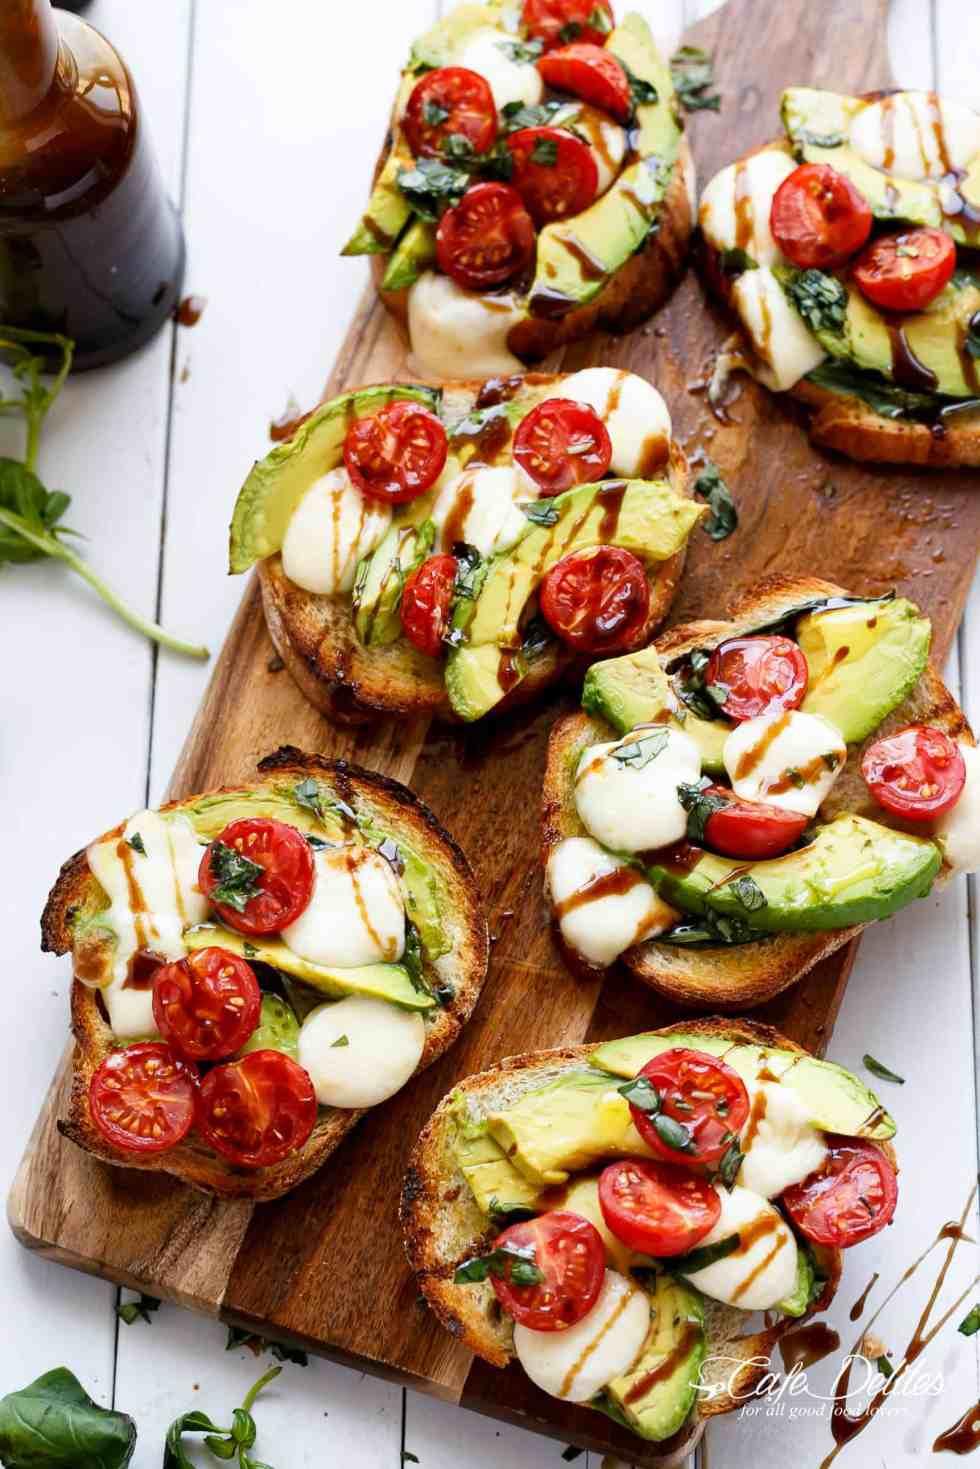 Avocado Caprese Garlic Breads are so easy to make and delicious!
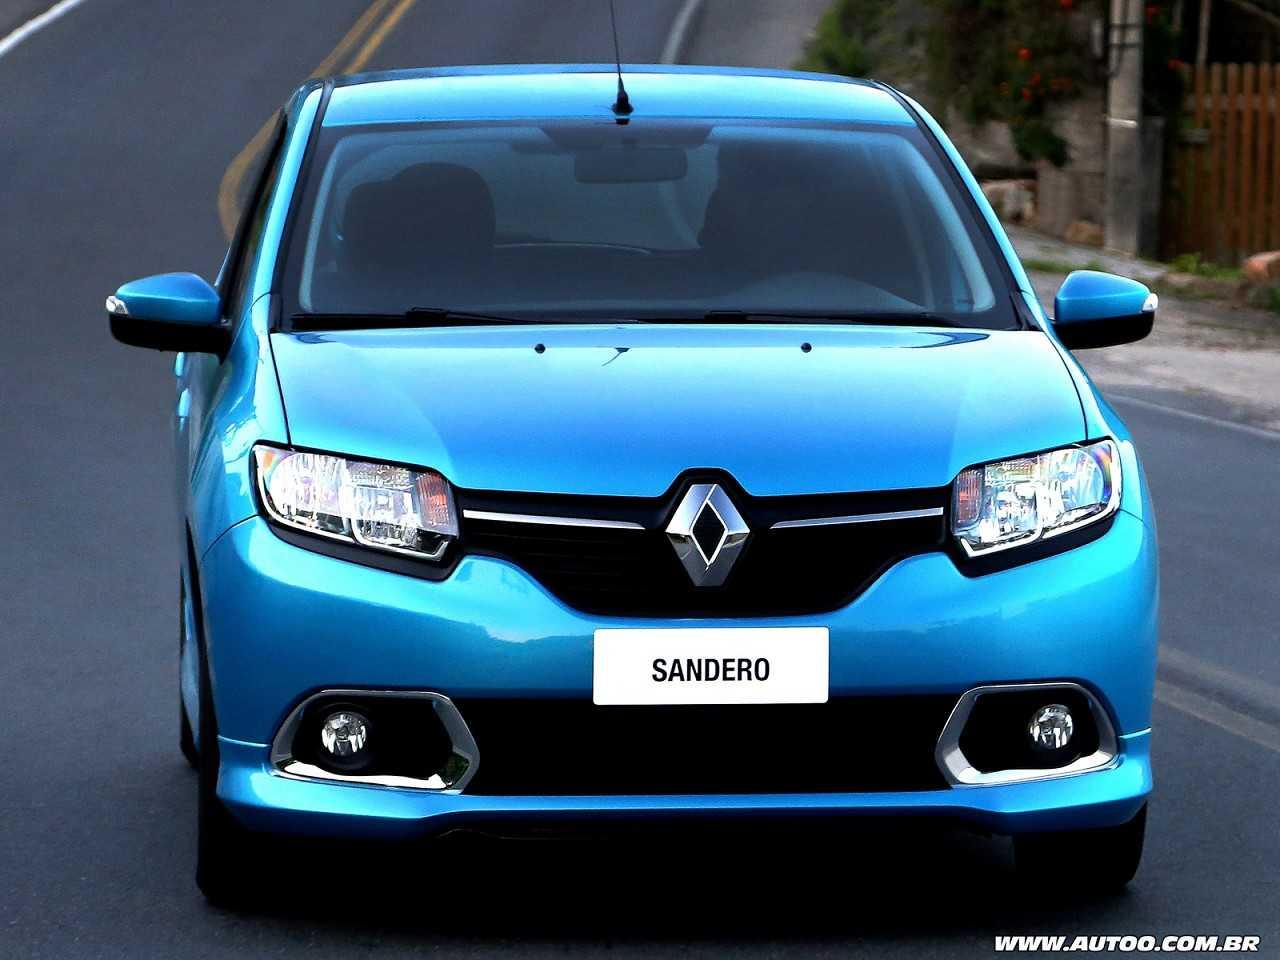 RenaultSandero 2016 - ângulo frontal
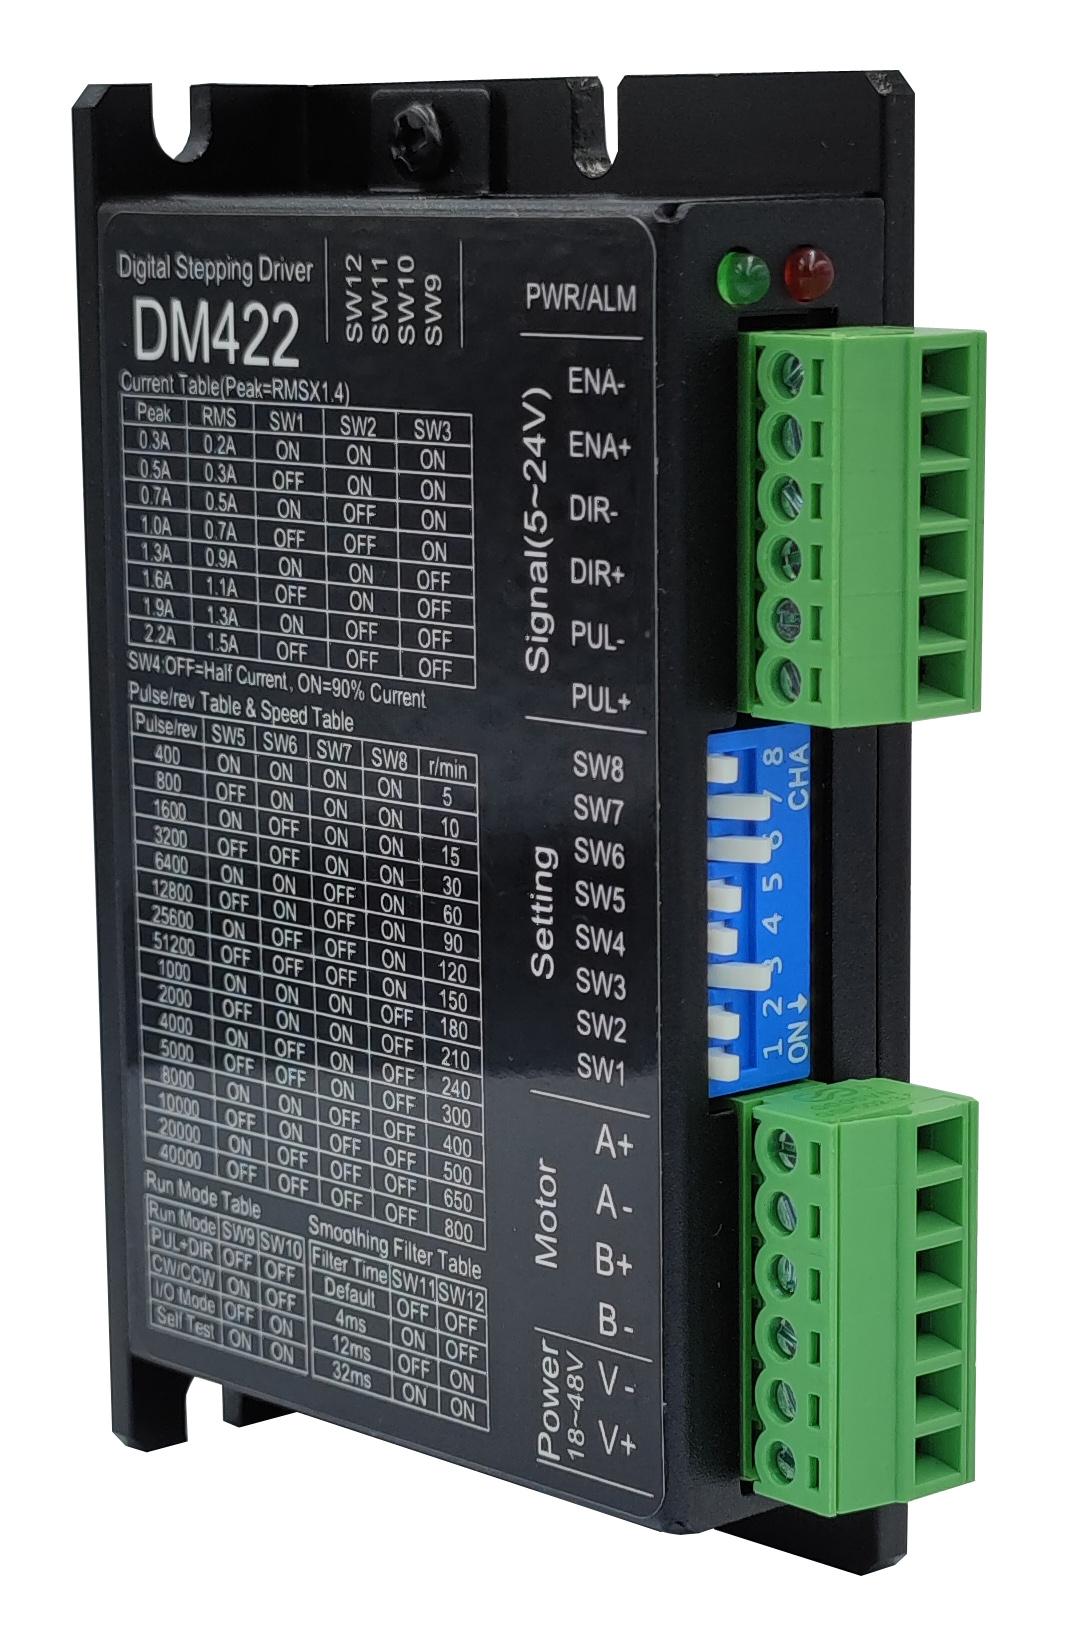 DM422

* * * * *

BRIEF: Copy the lines above exactly. Do not include pictures.

RESPONSE AREA:
 Avocado Caprese Garlic Breads are so easy to make and delicious!
 RenaultSandero 2016 - ângulo frontal
 DM422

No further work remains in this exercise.